Stan Zeff
DJ, Producer
Biography
From the London Underground warehouse parties of the late 80s, to spinning at music festivals on the Caribbean Sea, DJ Stan Zeff stayed true to the sound and spirit of house music.
As a student of London sound systems, Stan Zeff built speaker boxes and amplifiers while building his career as a DJ. “Back in the day you couldn’t be a DJ without belonging to a sound system. You had to know how to connect and tune up a sound, and above all, you needed to know how to select music,” Zeff explains. Little did he know at the time that his early years as a DJ and his experience with sound systems would come into play as house music’s emergence required such expertise for its unique mechanical beats and deeper basslines.
Whether or not people warmed up to the new musical genre, Stan Zeff believed in the power of its mesmerizing sound.
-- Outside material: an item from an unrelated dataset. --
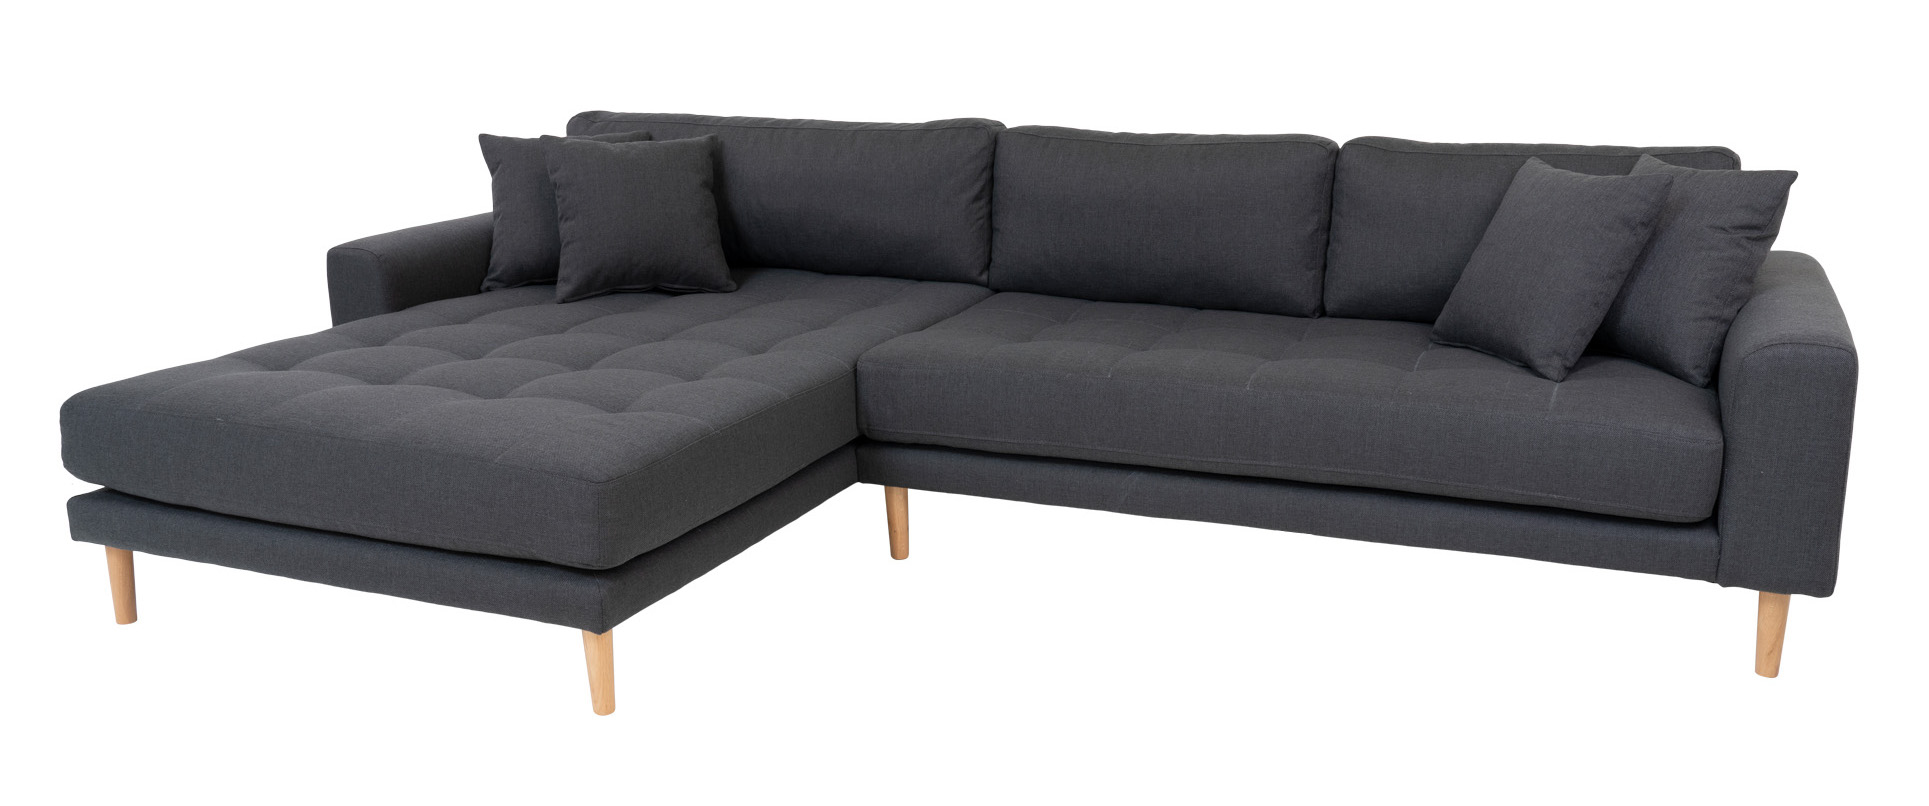 Billede af Riviera lounge sofa mørkegrå, venstrevendt længde på 290 cm

So, he continued to tap London’s music scene, certain that his persistent plays would eventually win audiences over. During that time, he shared the platform with up-and-coming house DJs like Zepherin Saint, Jazzie B, Mr. C, and Eddie Richards. What emerged in 1988 was a movement with a new, culturally significant and unique sound that became the soundtrack for the biggest youth revolution since the 1960s, known as London’s “Summer of Love.” From that point, house music in the UK reached new heights, and Stan Zeff’s contributions confirm his place as one of its pioneers.
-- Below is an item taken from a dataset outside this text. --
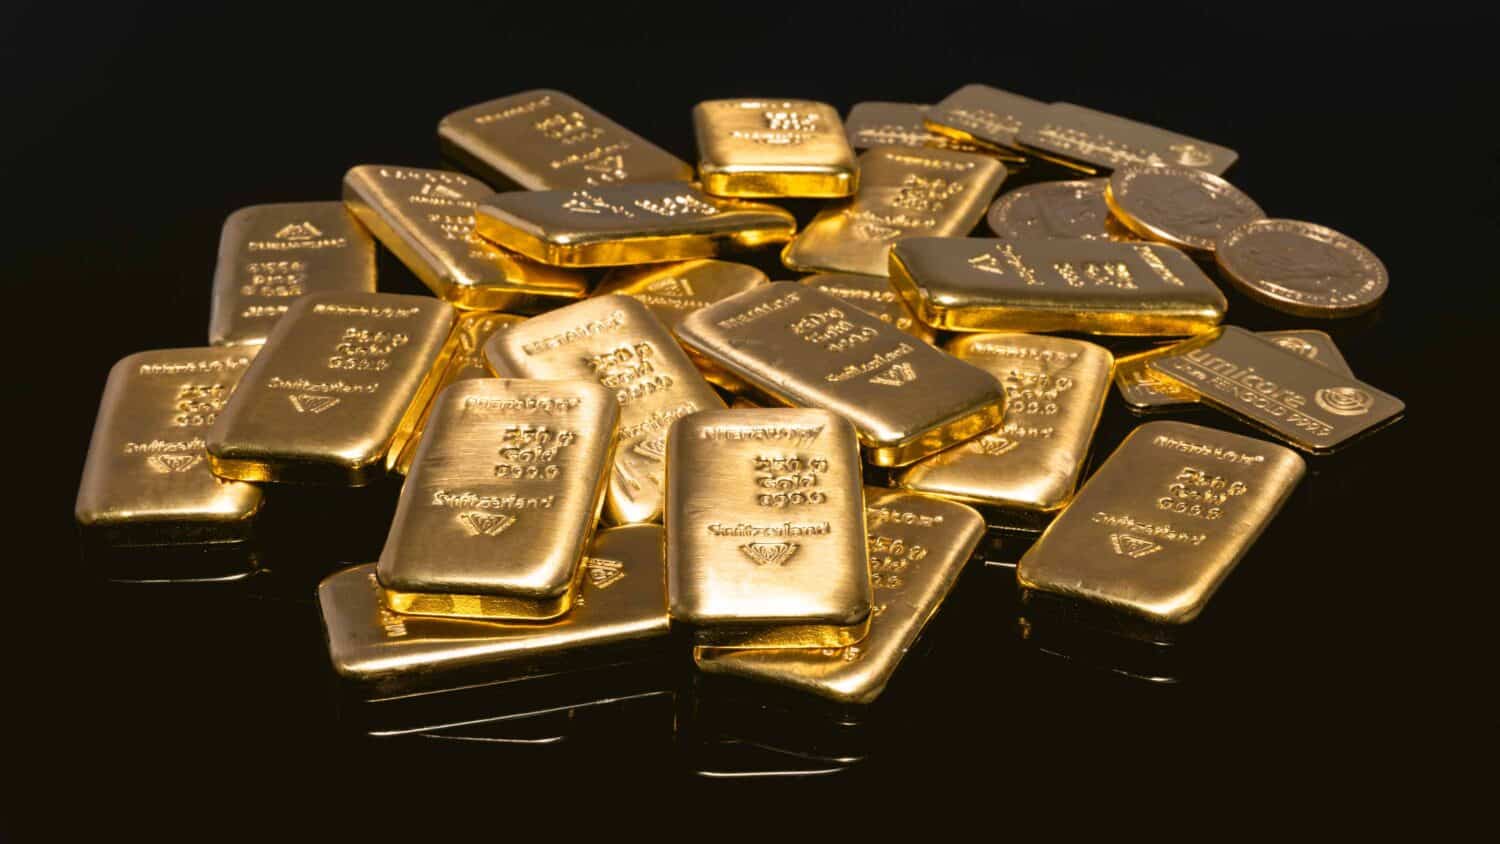 1 gramos nga presyo sa gold bar - gibug-aton sa gold bar - gold bar - gibug-aton sa gold bar

In 2000, Stan Zeff moved across the pond to Atlanta, Georgia to establish a musical footing as he did in the UK. In 2009, he founded Atlanta’s Tambor Party, a series of events that provided a platform for Stan Zeff and other DJs to amplify Afro House music, which fuses Kwaito, Tribal, Deep, and Soulful House music – a deviation from the commonplace music scene in the hip-hop capital. What culminated was a global dance movement that expanded to cities like New York, Miami, Toronto, Kefalonia (Greece), and Paris, where Stan Zeff has worked side by side with a roster of notable DJs in the house music scene such as Black Coffee, Louie Vega, Osunlade, Boddhi Satva, and Djeff Afrozila.
Stan Zeff has since expanded the Tambor brand to include the record label, Tambor Music, which focuses on the tambor and African sound, and the annual Tribe Tambor Cruise, a music festival at sea that features a lineup of globetrotting house music DJs.